Instructions for the task
Reproduce every line of the material below, but drop the pictures.
(Beginning of Data segment)
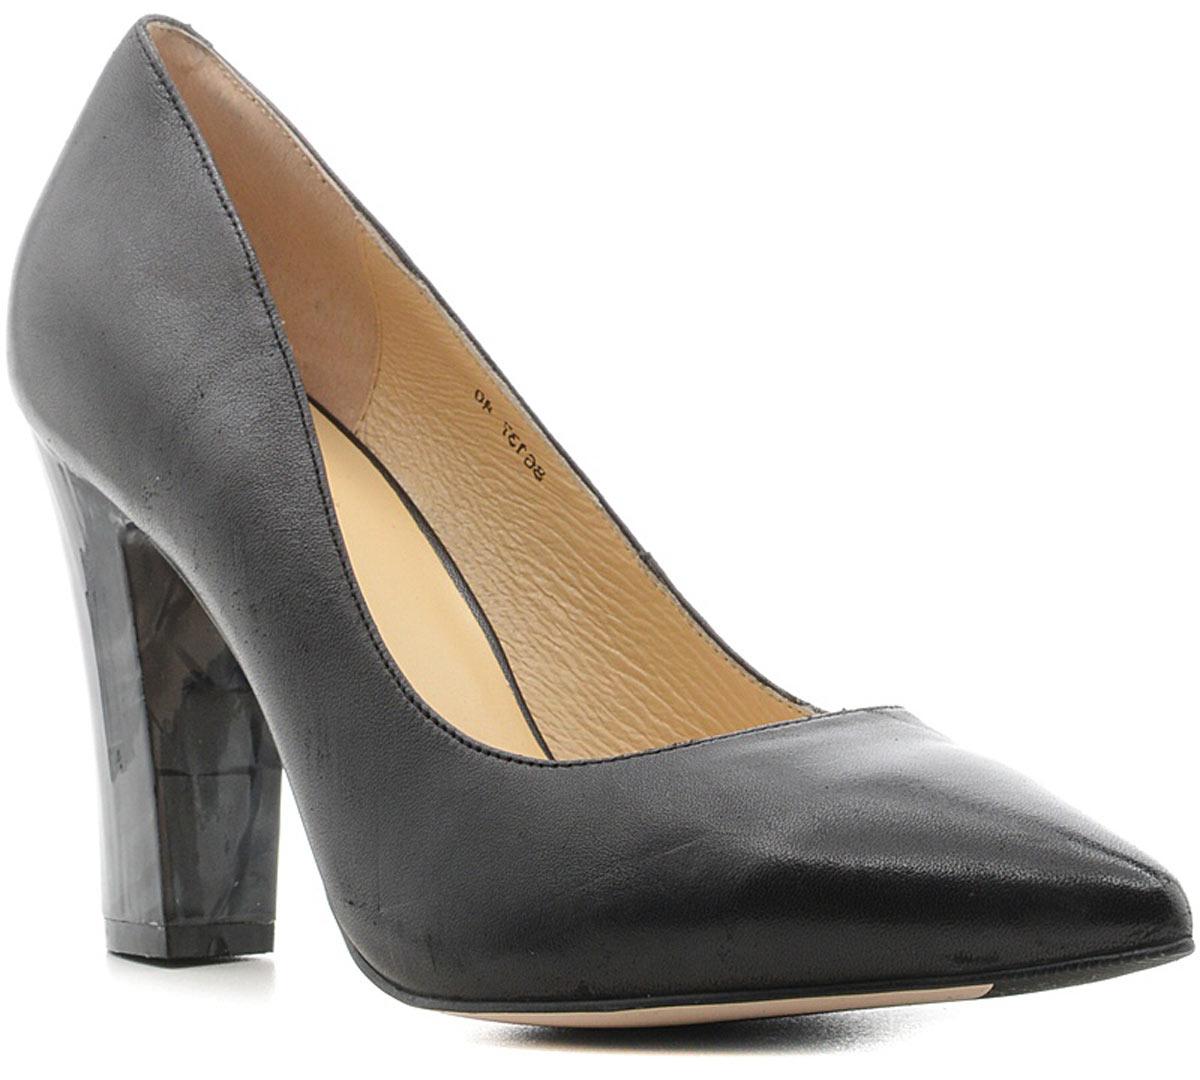 Туфли женские Vitacci, цвет: черный. 86137. Размер 3786137Стильные туфли Vitacci не оставят вас незамеченной! Модель изготовлена из качественной натуральной кожи. Стелька из натуральной кожи обеспечивает комфорт и удобство при ходьбе. Подошва выполнена с высоким устойчивым каблуком.
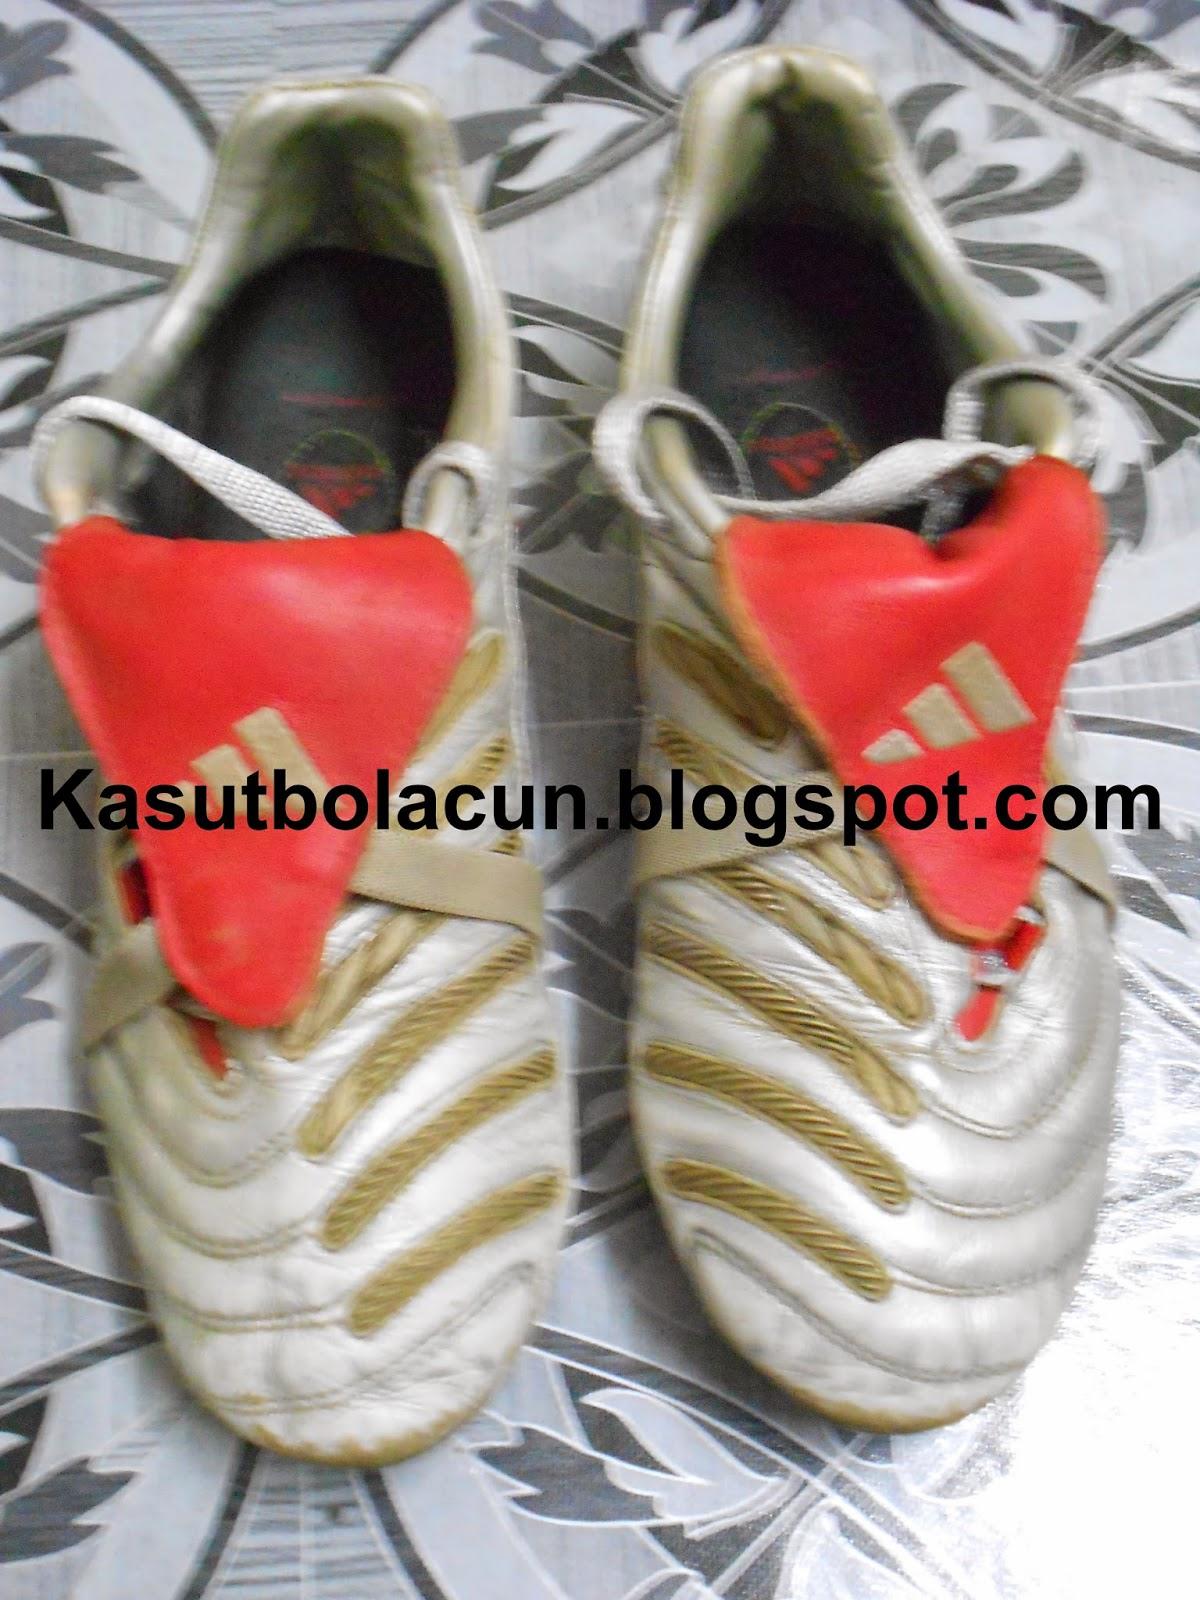 http://kasutbolacun.blogspot.com/2015/02/adidas-predator-pulse-sg.html
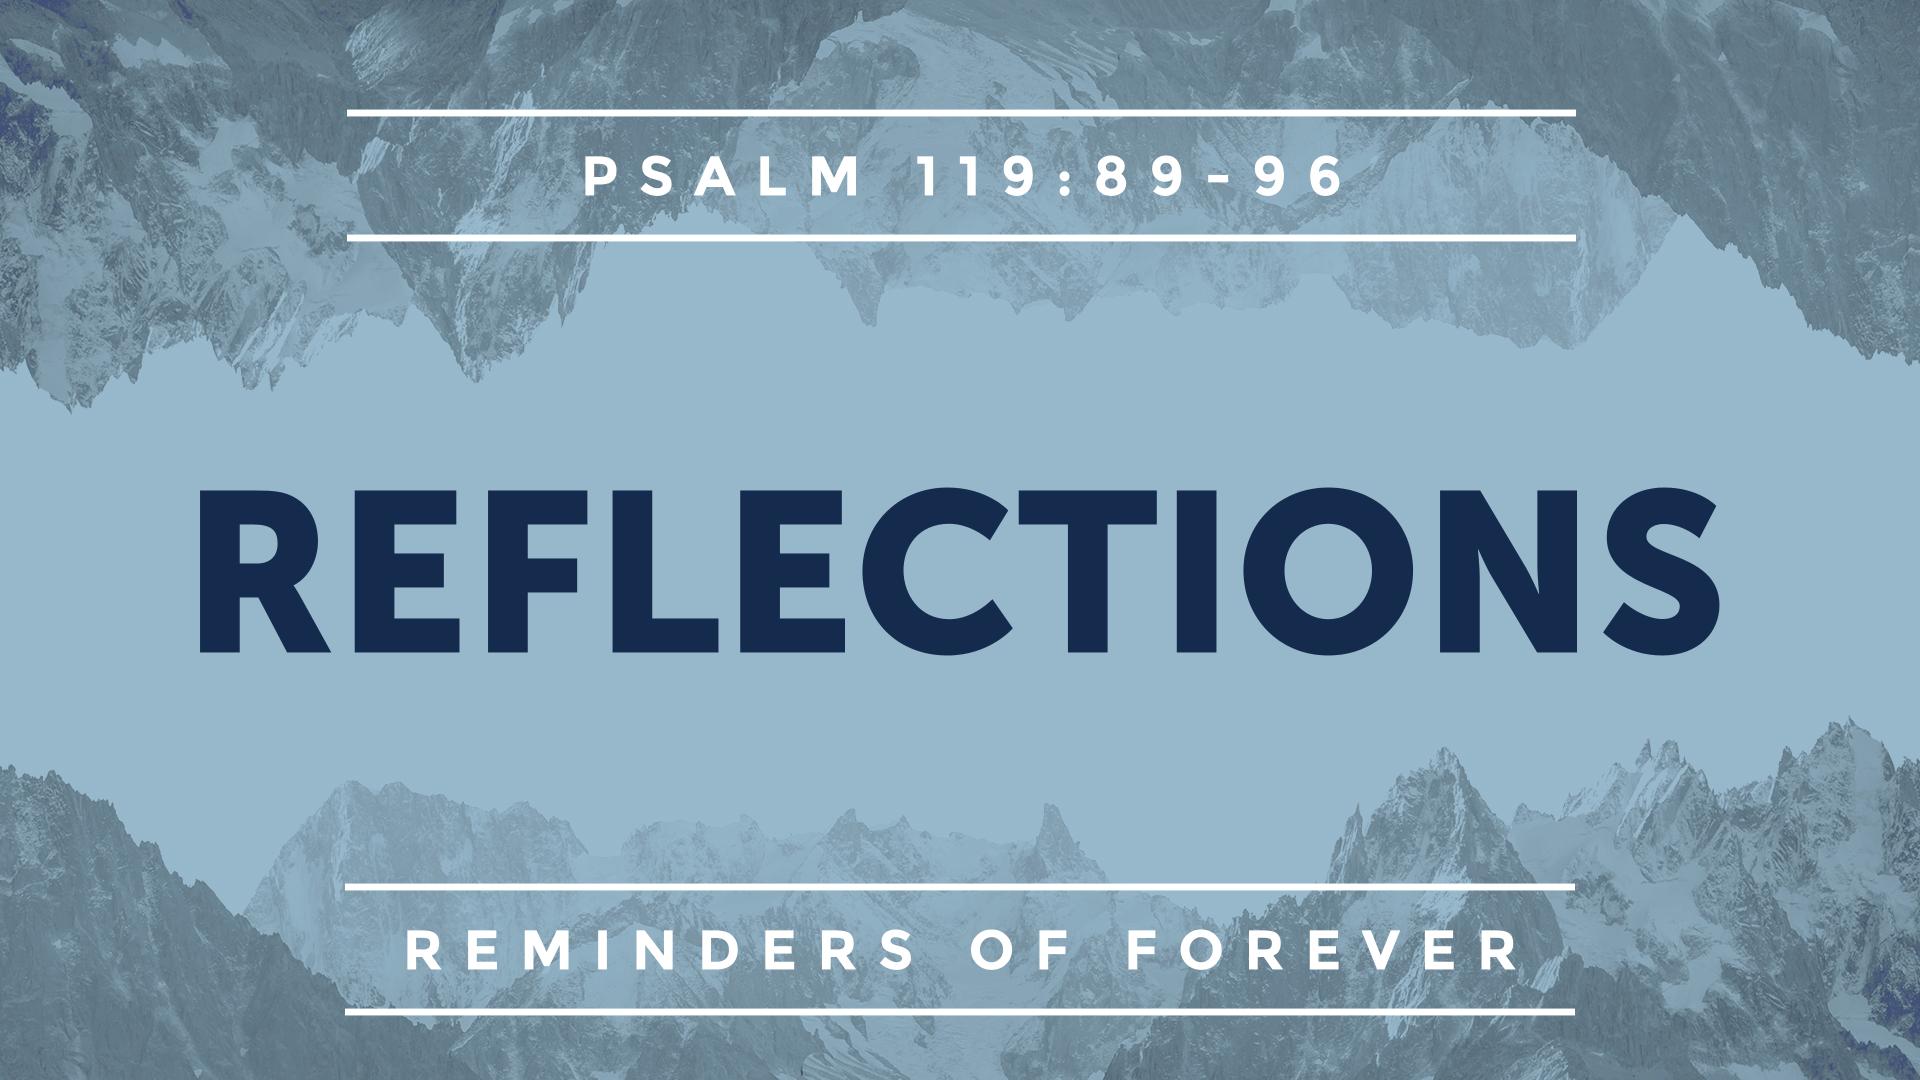 Reminders of Forever - Faithlife Sermons
(End of Data segment)
Task solution
 Туфли женские Vitacci, цвет: черный. 86137. Размер 3786137Стильные туфли Vitacci не оставят вас незамеченной! Модель изготовлена из качественной натуральной кожи. Стелька из натуральной кожи обеспечивает комфорт и удобство при ходьбе. Подошва выполнена с высоким устойчивым каблуком.
 http://kasutbolacun.blogspot.com/2015/02/adidas-predator-pulse-sg.html
 Reminders of Forever - Faithlife Sermons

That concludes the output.